Lipase-catalyzed methanolysis when conducted in a solvent-free medium led to the deactivation of lipase with increased molar ratio of methanol to sunflower oil >3 [45]. A similar deactivation of lipases was also observed during lipase cata­lyzed methanolysis in a biphasic oil-aqueous system for FAME production [46]. Methanolysis was conducted at different molar ratios of methanol to oil

(4:1 to 10:1) and similar results were obtained. Thus the concentration of methanol did not have a great effect on product formation in the presence of IL, which protects the lipase from methanol-induced deactivation.

Among the various types of ILs used, hydrophobic ILs were found to be the most effective for the production of biodiesel, the biodiesel yield increasing with both cation chain length and IL hydrophobicity, and decreasing when ILs with strong water miscible properties were used ([BMIM][NTf2], [EMIM][PF6], AMOENG 100, AMOENG 102, [C16MIM][NTf2] or [C18MIM][NTf2] etc). Hydrophilic ILs were not suitable as solvent in enzyme-catalyzed transesterification as only 10 %

FAME yield was obtained for [HMIM][BF4], while no FAME was observed when [BMIM][BF4] was used as the solvent [33].

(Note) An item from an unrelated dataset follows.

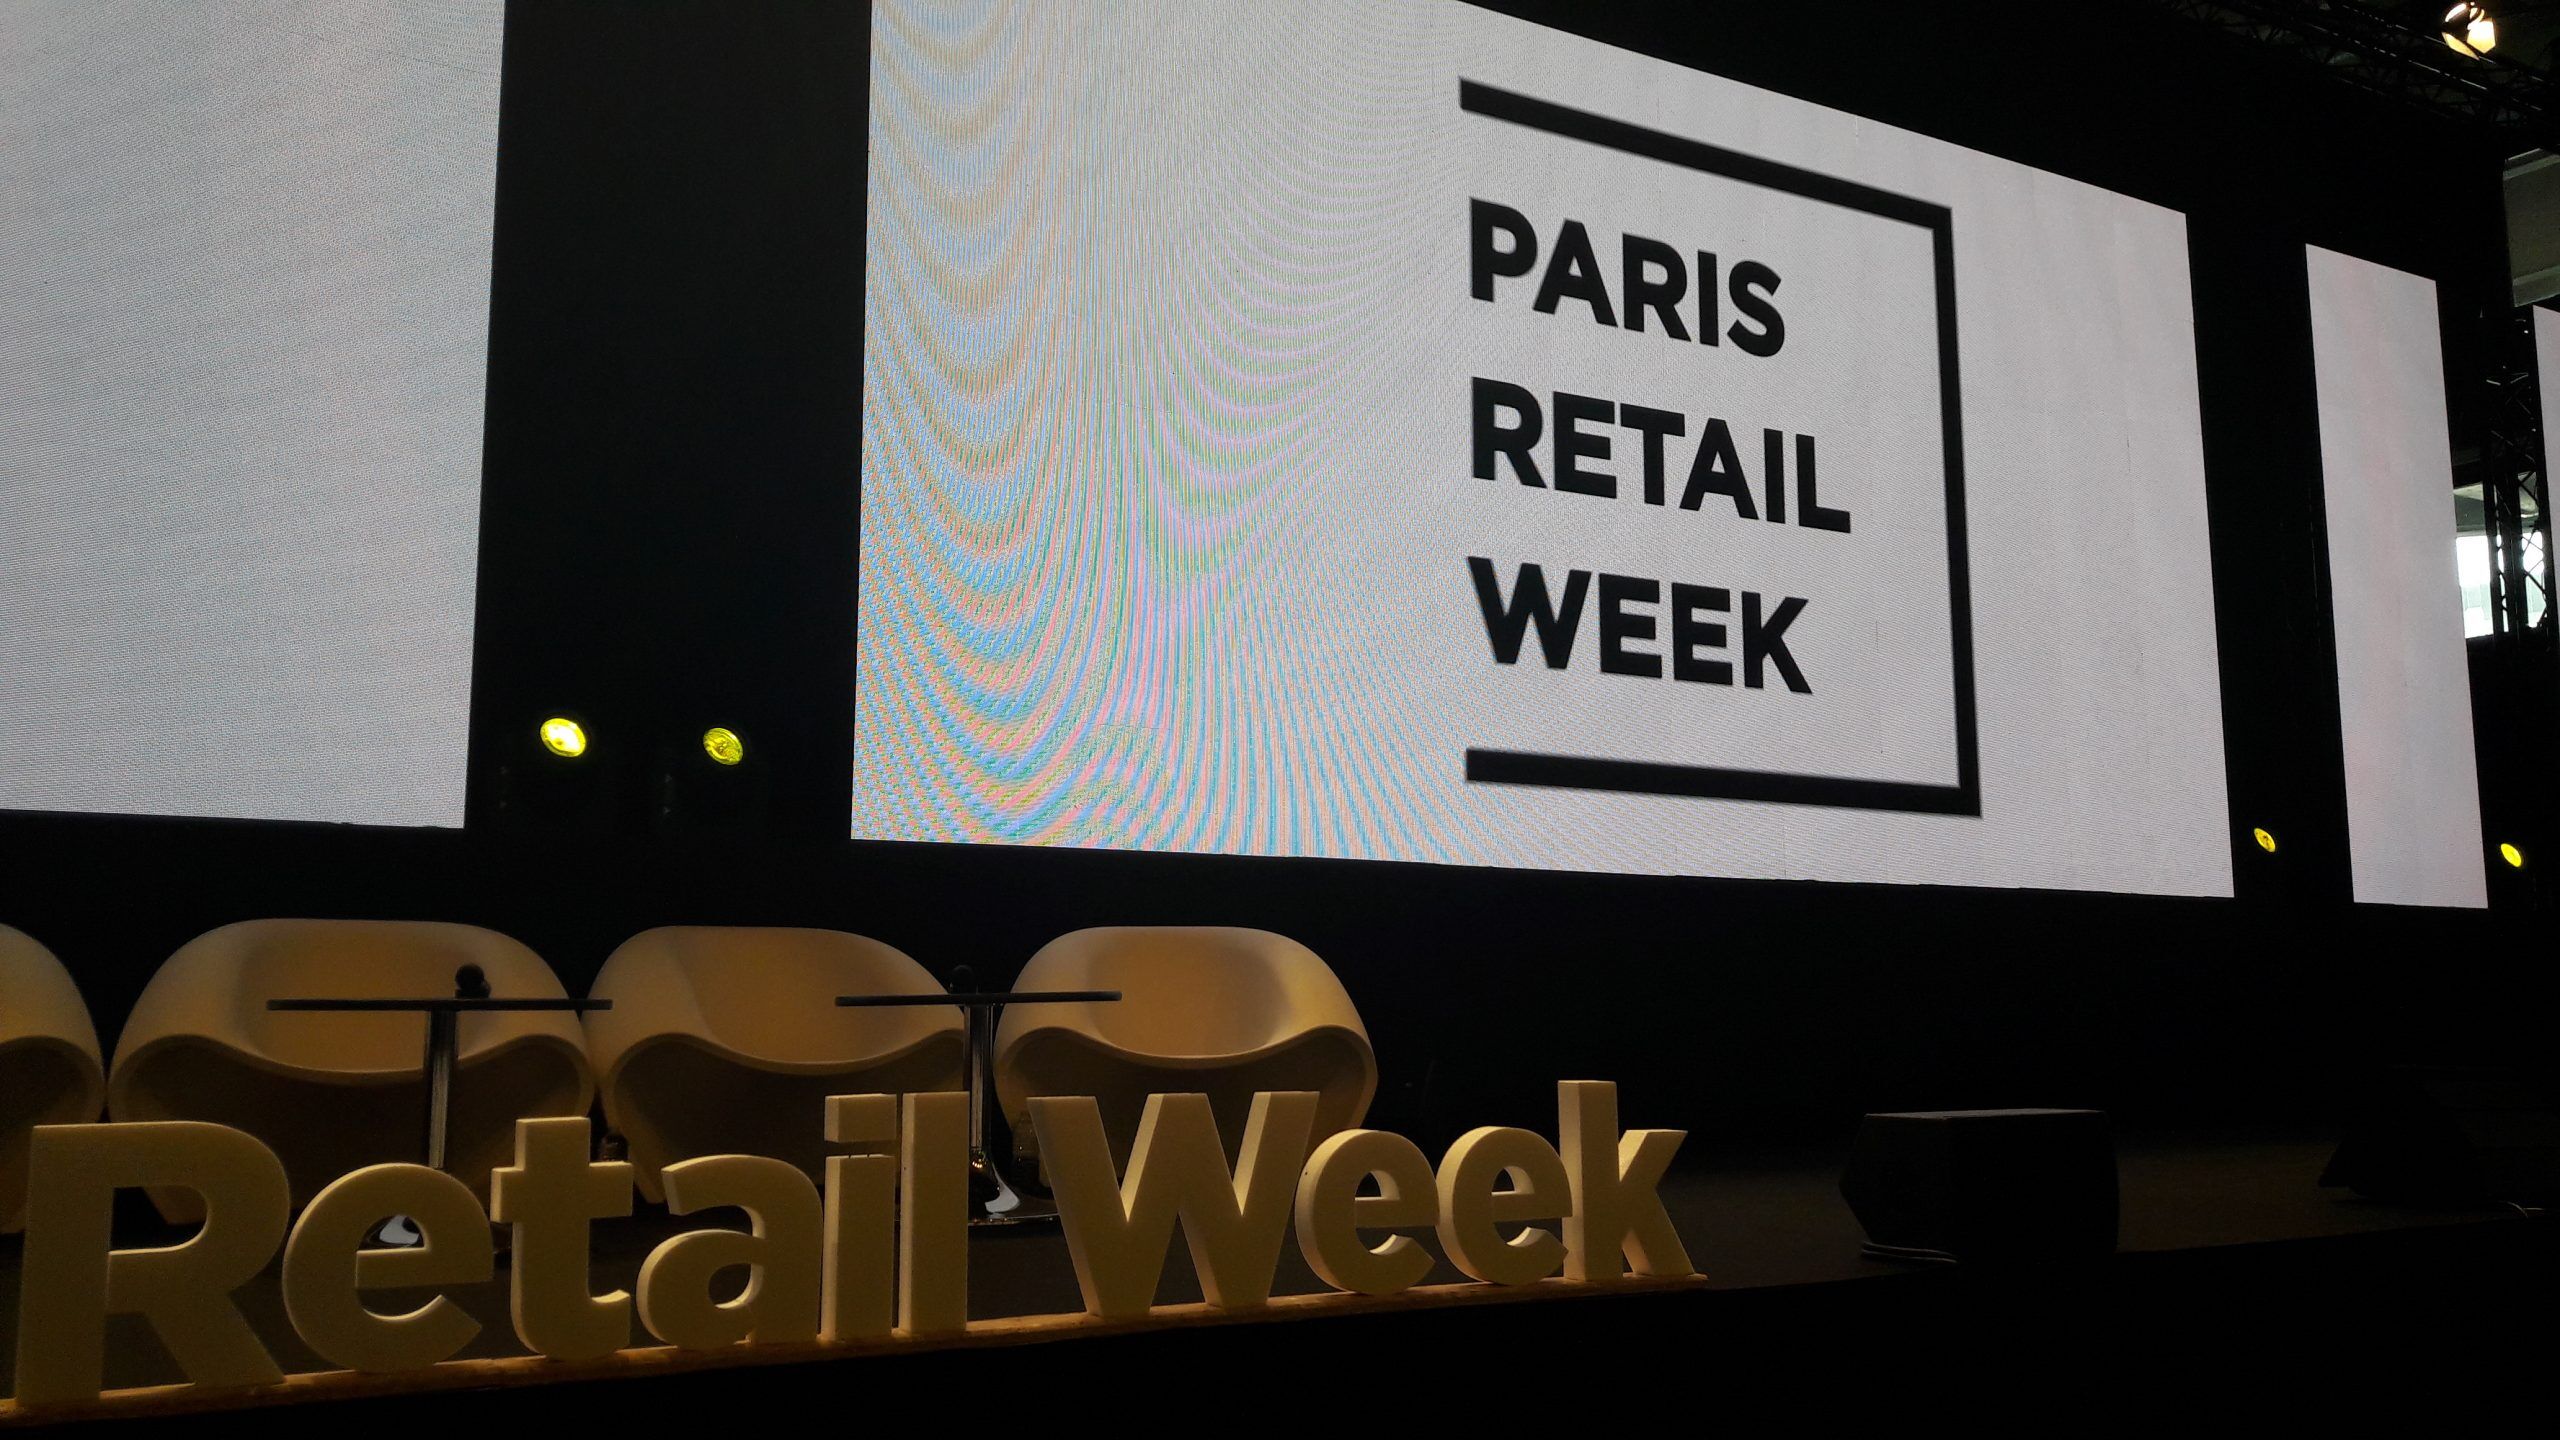 Paris Retail Week 2019 : 6 points clés à retenir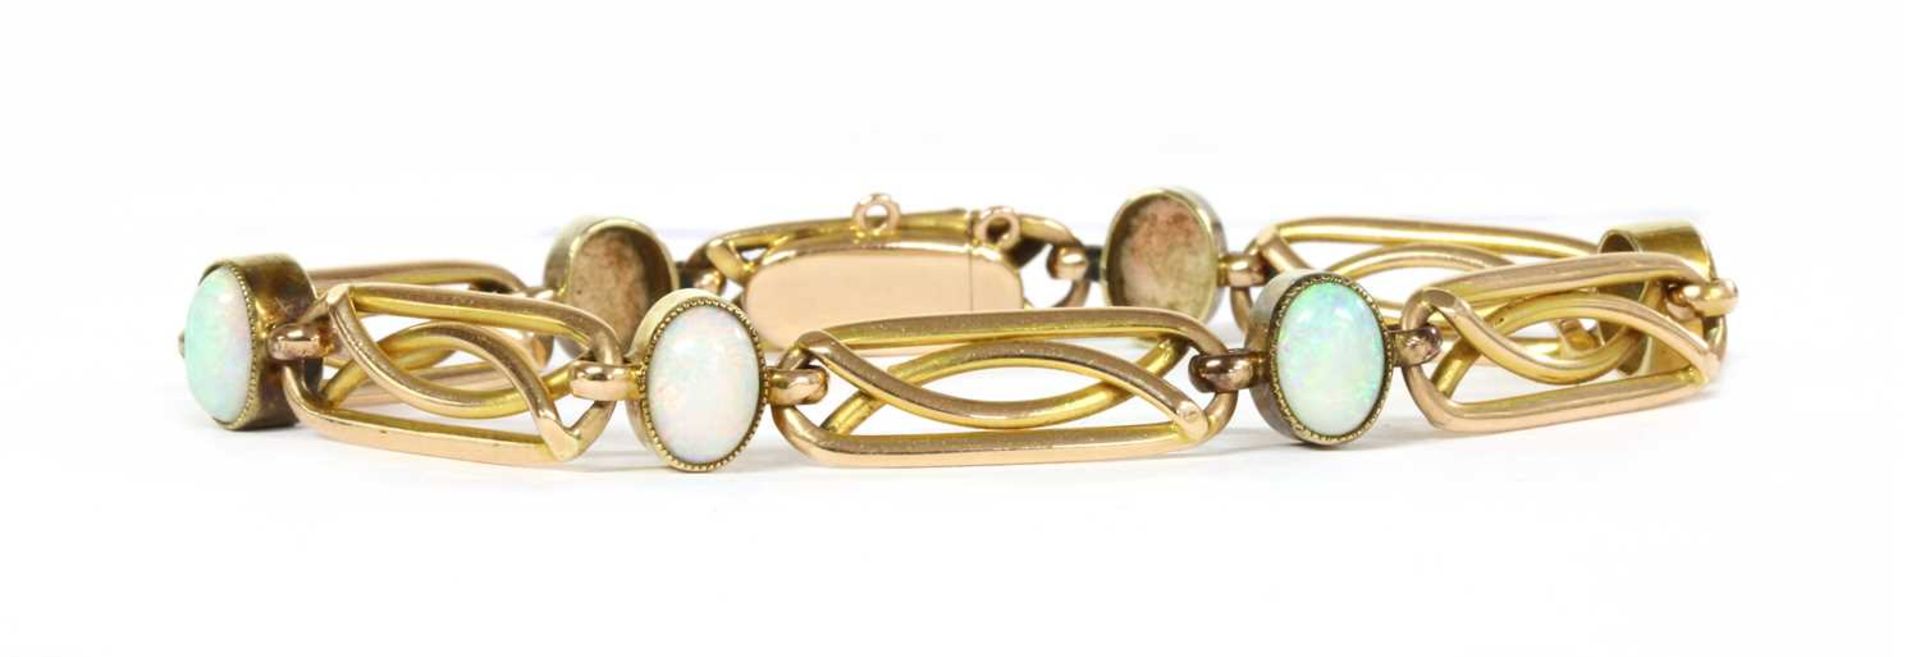 A gold opal bracelet,

This trend can be explained in terms of methanol-induced enzyme deactivation. Hydrophobic ILs protects the enzyme from such deactivation because lipase is entrapped in the IL matrix. The most notable advantages of the use of ILs in such bioconversions are that the biodiesel can be separated by simple decantation and the recovered ionic liquid/enzyme catalytic system can be re-used several times with­out loss of catalytic activity and selectivity. More recently, our group [27] used [C16MIM][NTf2] as a homogeneous reaction mixture and, when the reaction was complete, a triphasic system was created through the appearance of a FAMEs phase (upper layer), a glycerol phase (middle layer) and a lower layer with the ionic liquid containing the enzyme, which could be solidified by decreasing the reaction temperature of the media (the melting point for [C16MIM][NTf2] is 42.6 °C), in this way facilitating extraction of the biodiesel product. Furthermore, ILs provides the ideal medium for removal of the by-product glycerol, thus accounting for the increase in biodiesel yield. A promising strategy employed by Lai et al. [47] was to use cross-linked enzyme aggregates (CLEAs) of lipase from Penicillium expansum as catalyst for biodiesel production in [BMIM][PF6] from microalgal oil, with a conversion of 85.7 % in 48 h.